#### Data
□ □ □

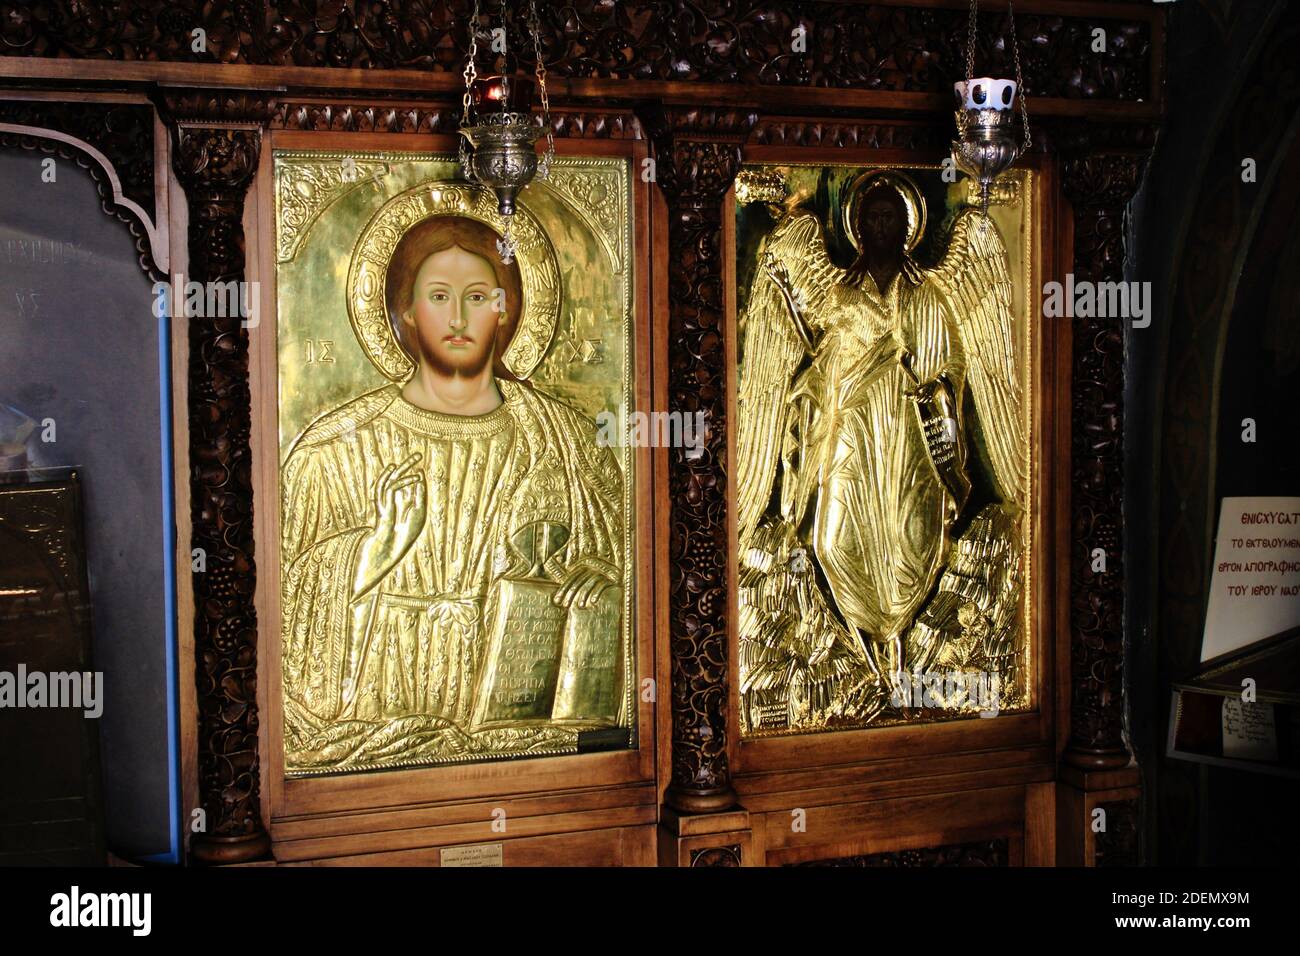 Icona di Gesù Cristo artigianale e coperto d'oro all'interno di una chiesa cristiana ortodossa ad Atene, Grecia, marzo 12 2020. Foto Stock
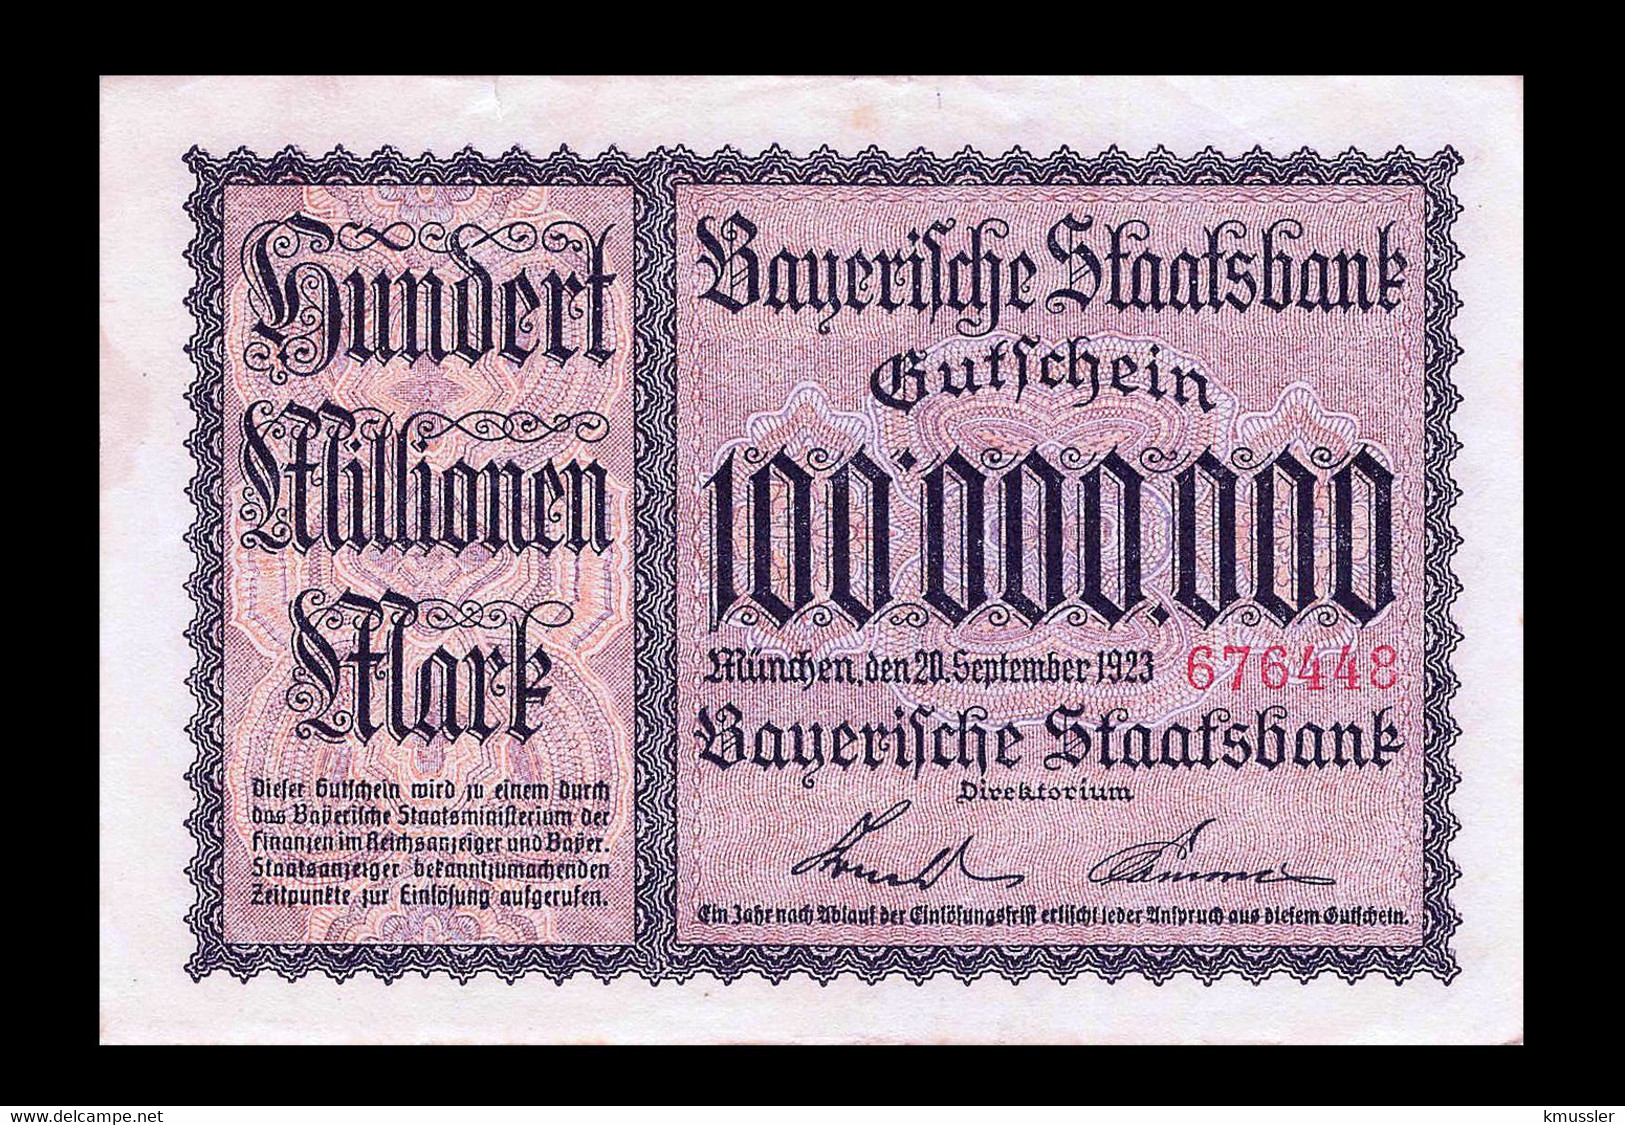 # # # Banknote Bayerische Staatsbank 100.000.000 Mark 1923 UNC # # # - Non Classés
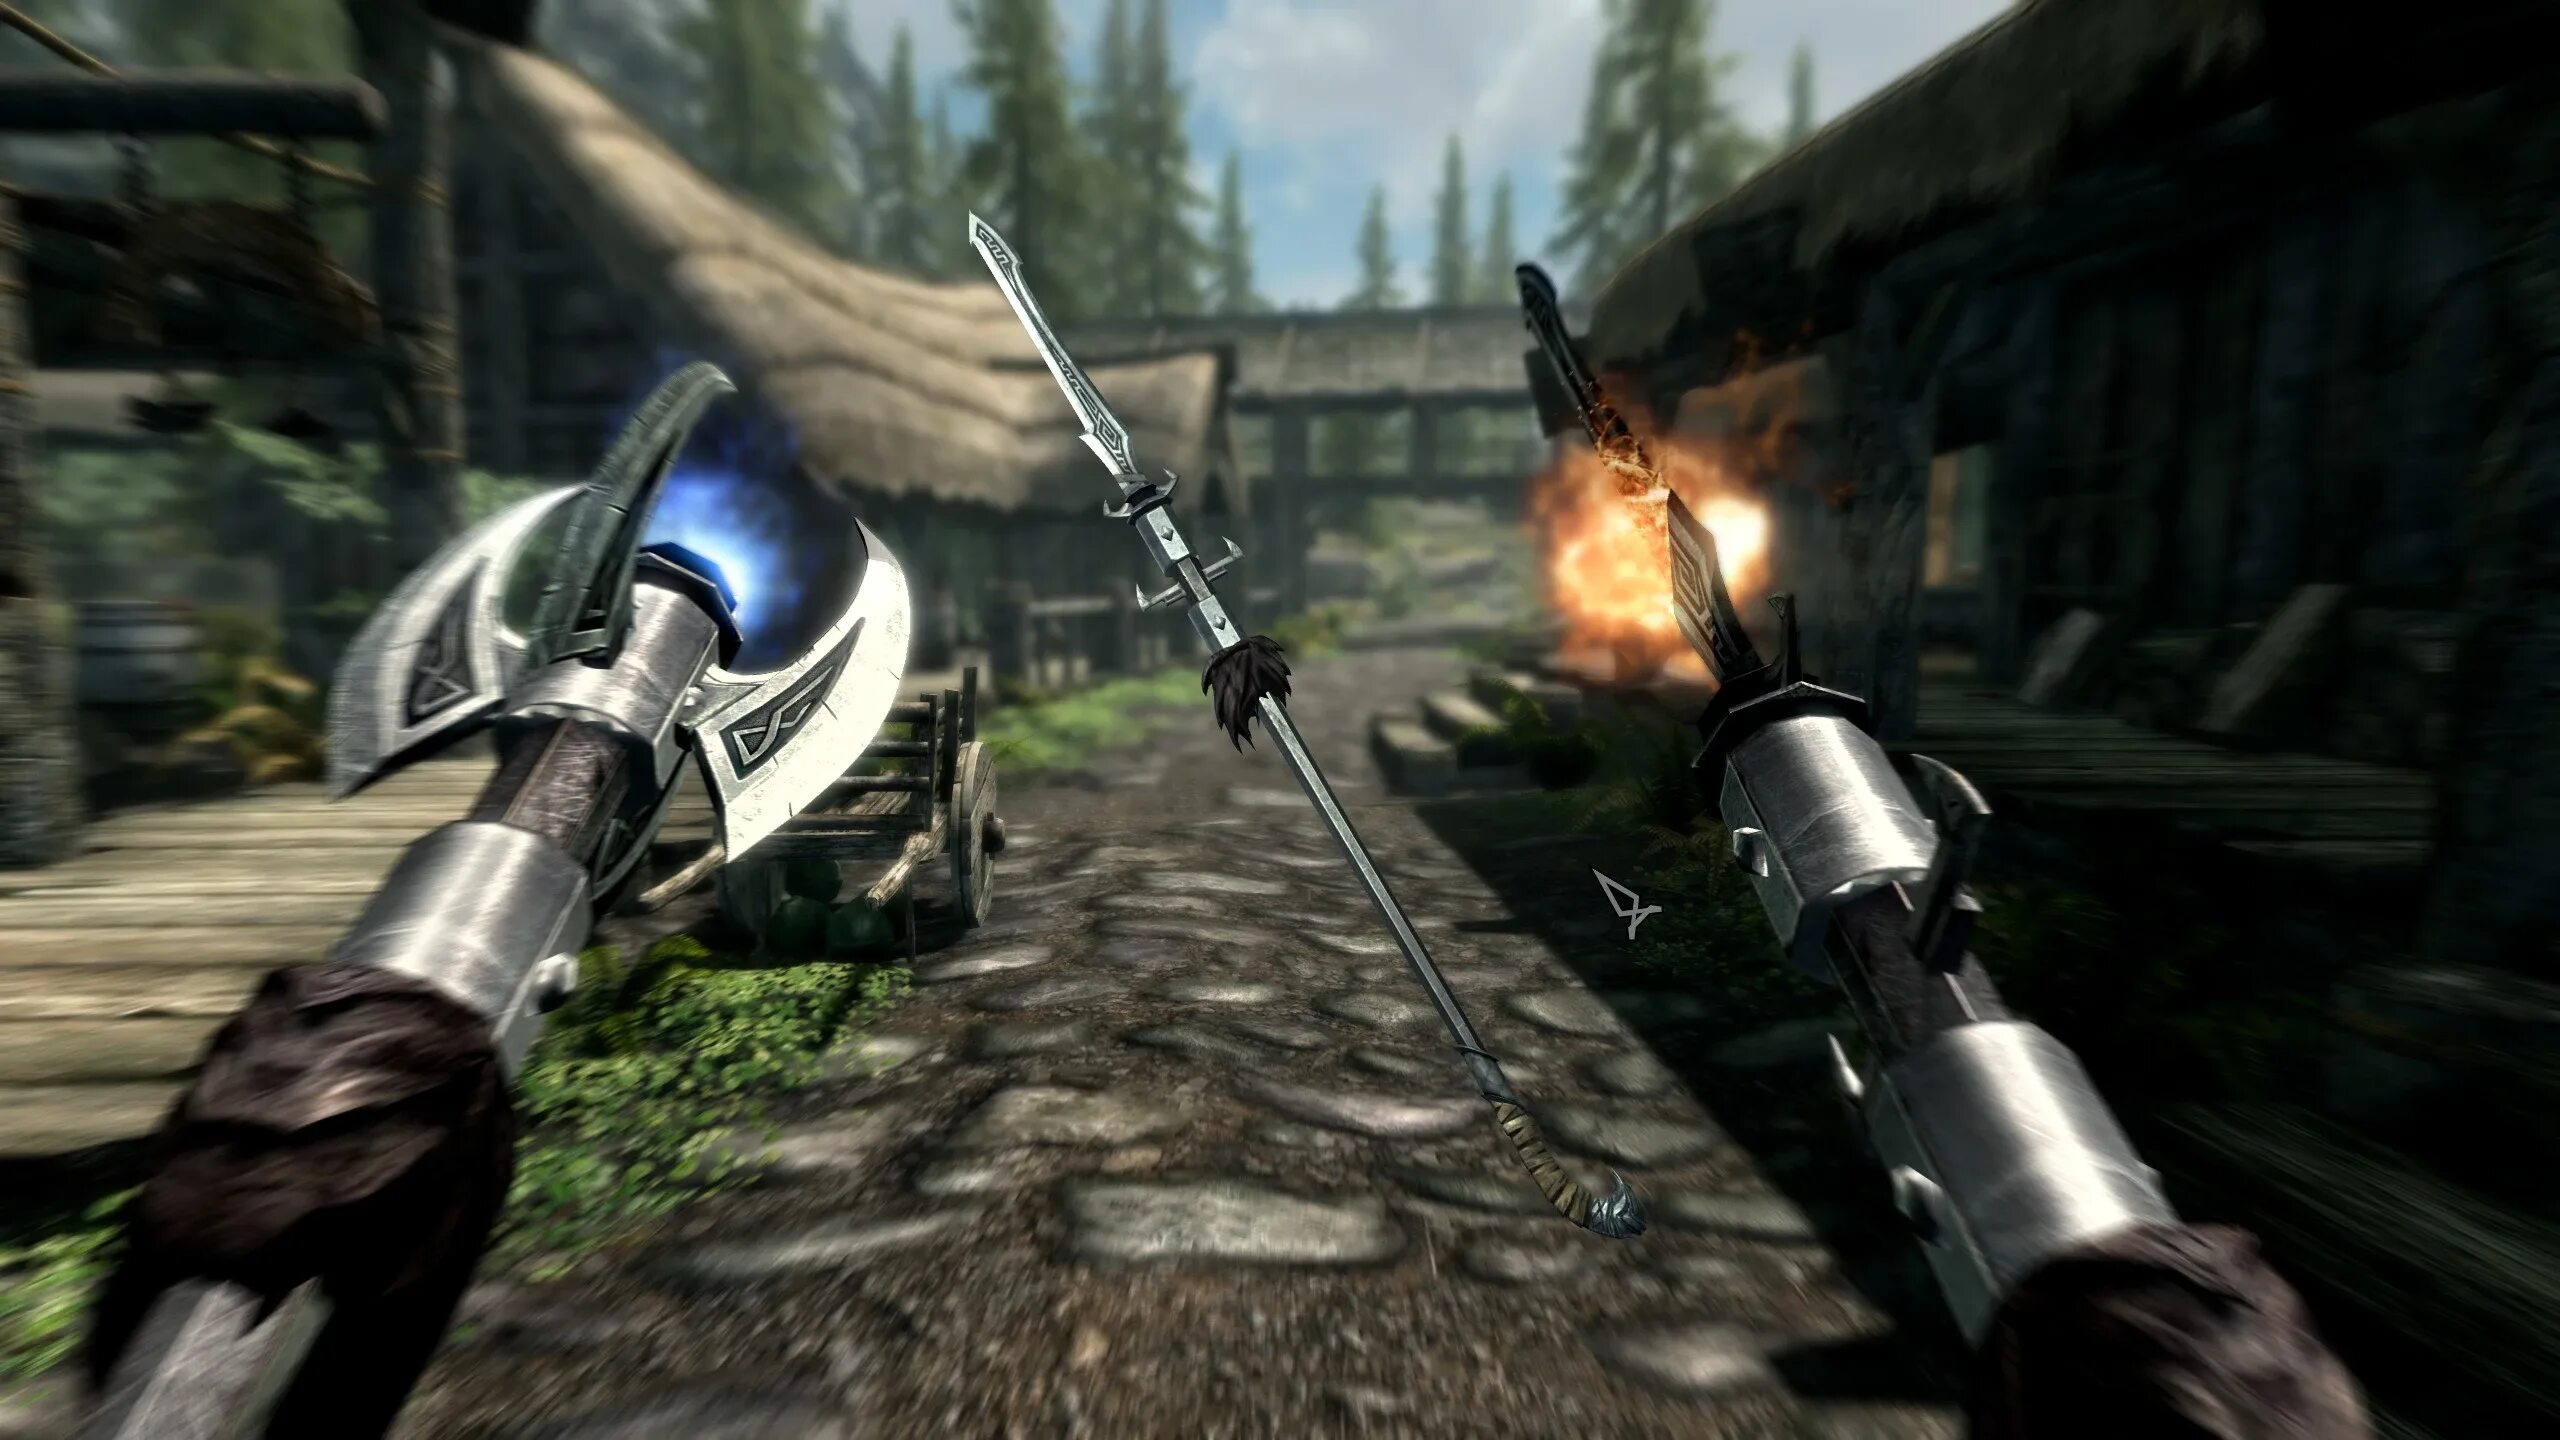 Скайрим оружие all Weapons. Skyrim Special Edition Mods оружие. Моды для Elder Scrolls 5: Skyrim оружие. Скайрим мод метательное оружие. Мод на сильное оружие

□ □ □

#### Exercise aim
The lines to write out are those from the first line of the listing above through the line bearing "# # # Banknote", both included, copied exactly with pictures dropped.

#### Written solution
 Icona di Gesù Cristo artigianale e coperto d'oro all'interno di una chiesa cristiana ortodossa ad Atene, Grecia, marzo 12 2020. Foto Stock
 # # # Banknote Bayerische Staatsbank 100.000.000 Mark 1923 UNC # # # - Non Classés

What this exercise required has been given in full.